Beberapa hadis tersebut menunjukkan kepada kita mengenai bahayanya musuh besar yang bernama nafsu. Menjadi musuh paling berbahaya karena dia berada dalam diri kita sendiri. Berat karena kita harus melawan diri sendiri.
Dan salah satu instrumen yang disediakan oleh syariat untuk menghadapinya adalah dengan kewajiban berpuasa. Maka tak heran jika bulan Ramadhan juga disebut sebagai bulan jihad. Baik jihad qital (perang) yang pernah dilakukan oleh Rasulullah Shalallahu Alaihi Wa Sallam seperti perang Badar dan lebih-lebih jihad melawan hawa nafsu.
Memetakan Musuh
Setelah mengetahui bahwa selain setan, musuh paling bahaya bagi manusia sebenarnya adalah nafsu, maka tugas kita selanjutnya adalah memetakan musuh agar kita bisa mencari cara menaklukkannya. Karena barang siapa yang tidak tahu siapa musuhnya maka dia akan mudah dikalahkan oleh musuh tersebut. Sebab musuh bisa dengan mudah menyerang kapan saja dan dari arah mana saja bila kita tidak memiliki benteng dan nihil strategi pertahanan.
Hawa nafsu oleh Imam Abdullah Bin Alwi Al Hadad dalam Risalatul Muawanah dianggap lebih berbahaya daripada 70 setan. Dan Ramadhan adalah bulan mendidik nafsu kita. Seyogyanya dengan banyaknya keistimewaan Ramadhan, umat Islam lebih mudah untuk menjadi insan yang lebih baik.
Namun jika di bulan Ramadhan ternyata masih banyak kemaksiatan itu artinya ada yang salah dengan orangnya. Nafsunya masih belum bisa dia tundukkan. Dan ini membuktikan bahwa selama ini kita sudah salah kaprah ketika menganggap bahwa segala kejahatan dipengaruhi oleh bisikan setan semata.
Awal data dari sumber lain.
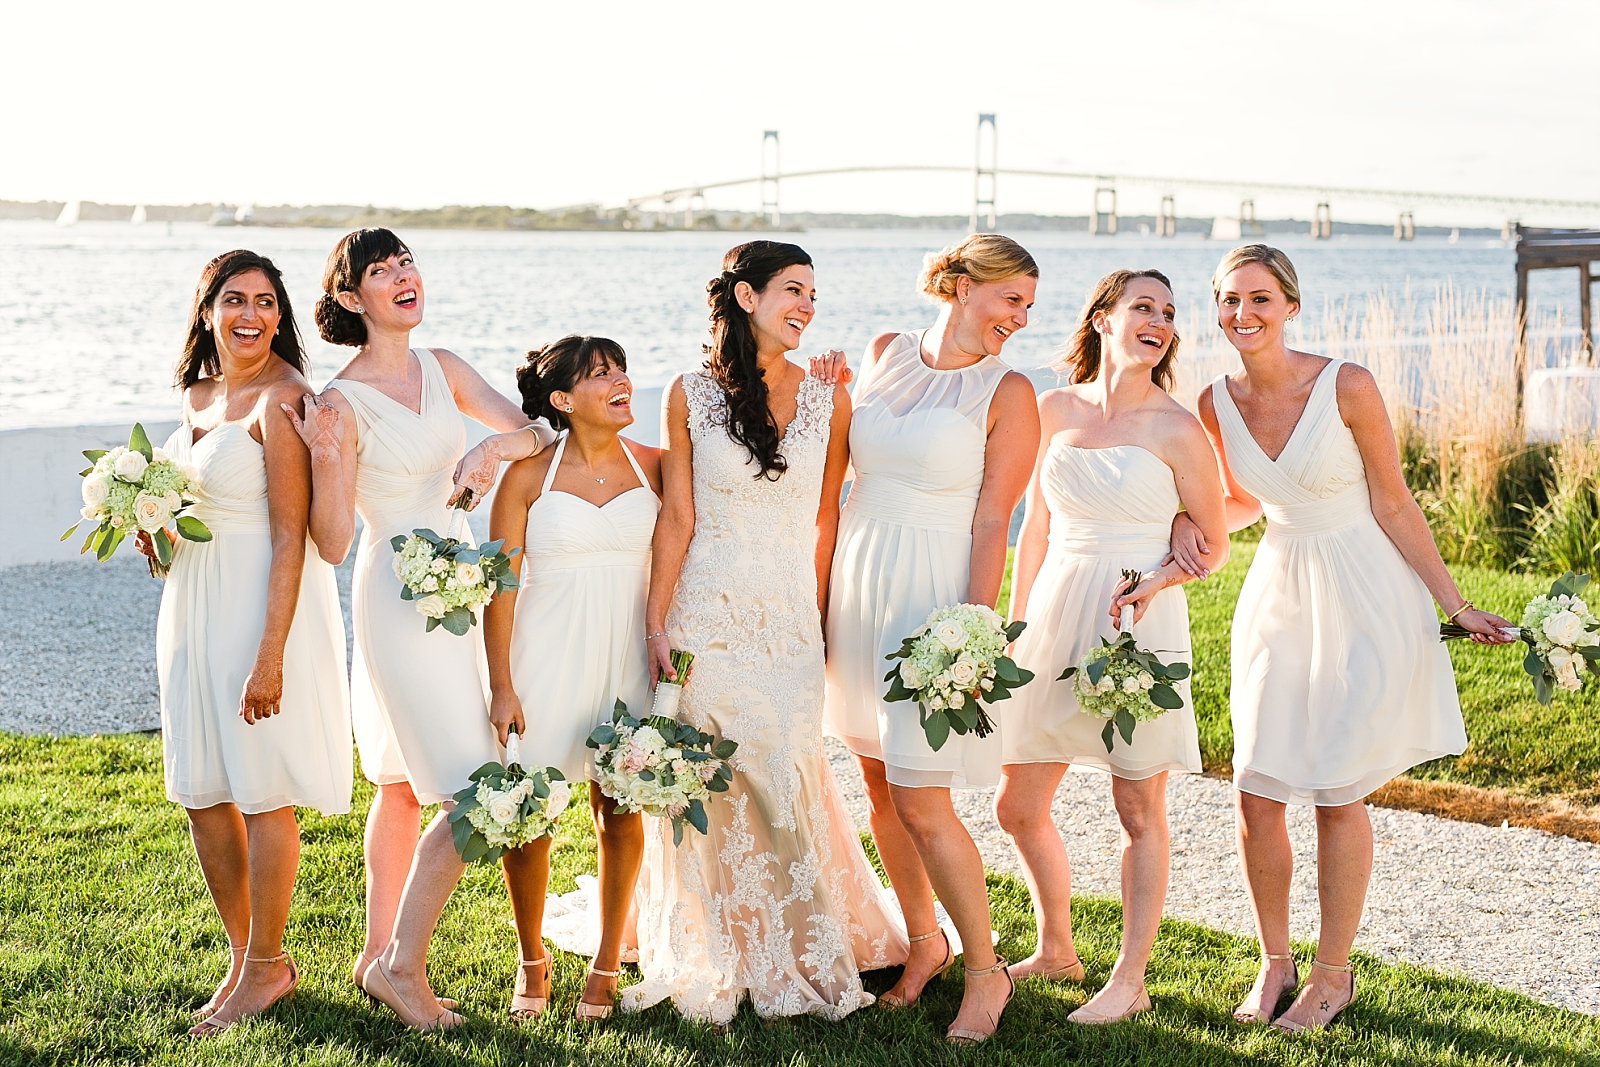 Newport_Wedding_Photographer_RaAj_Gallery_61.jpg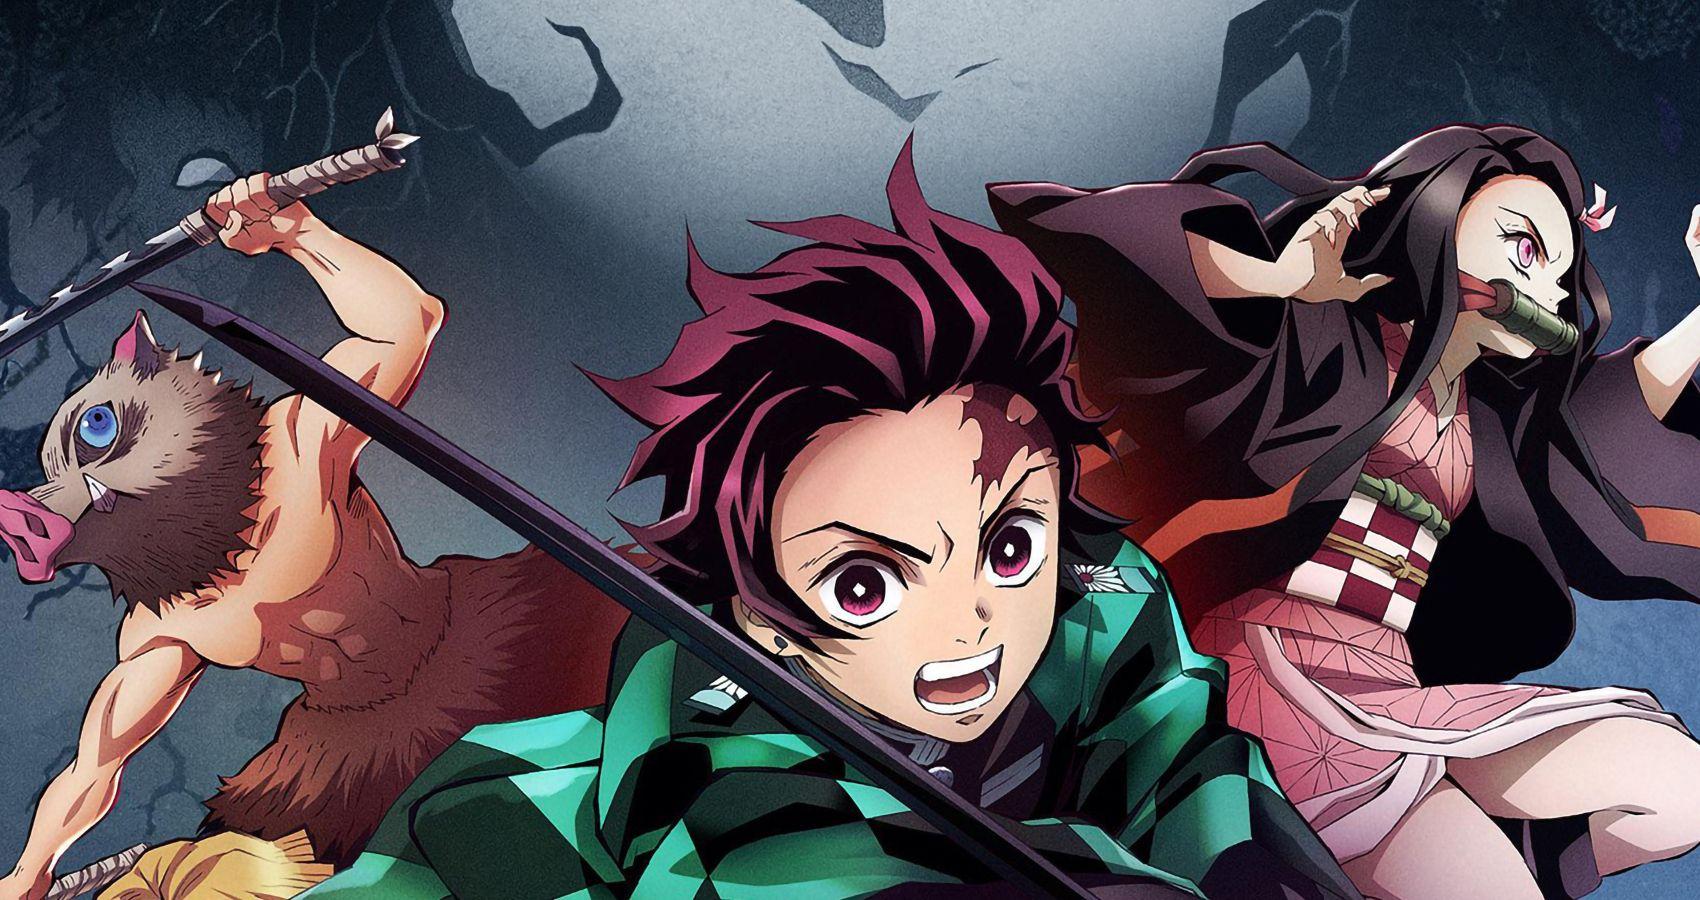 The 10 Best Anime Series On Crunchyroll According To Imdb Cbr

Padahal nyatanya yang paling memiliki andil besar pada perbuatan jahat selama ini ternyata nafsu manusia itu sendiri. Buktinya meski setan dibelenggu pun maksiat tetap marak terjadi.
Sebagian orang bijak berkata, "Orang yang mengira bahwa ia mempunyai kekasih yang lebih mengasihi dirinya daripada Allah, pasti ia kurang mengenal Allah. Dan barangsiapa merasa memiliki musuh yang lebih canggih (bahaya) daripada dirinya sendiri, pasti ia kurang mengenal dirinya."(Ibnu Hajar Al Asqolani, Untaian Hikmah Ibnu Hajar Al Asqolani, (Bandung : PUSTAKA Perpustakaan Salman ITB Bandung, 1986) halaman 03)
Maka bila kita mengaku telah mengenal diri sendiri pasti kita akan memahami bahwa tidak ada musuh paling berbahaya selain diri kita sendiri (hawa nafsu). Dan setelah menyadari semua itu, kita pasti akan bisa memaksimalkan sebaik mungkin Ramadhan ini dengan berbagai ibadah terutama jihadun nafsi. Wallahu A’lam Bis Showab.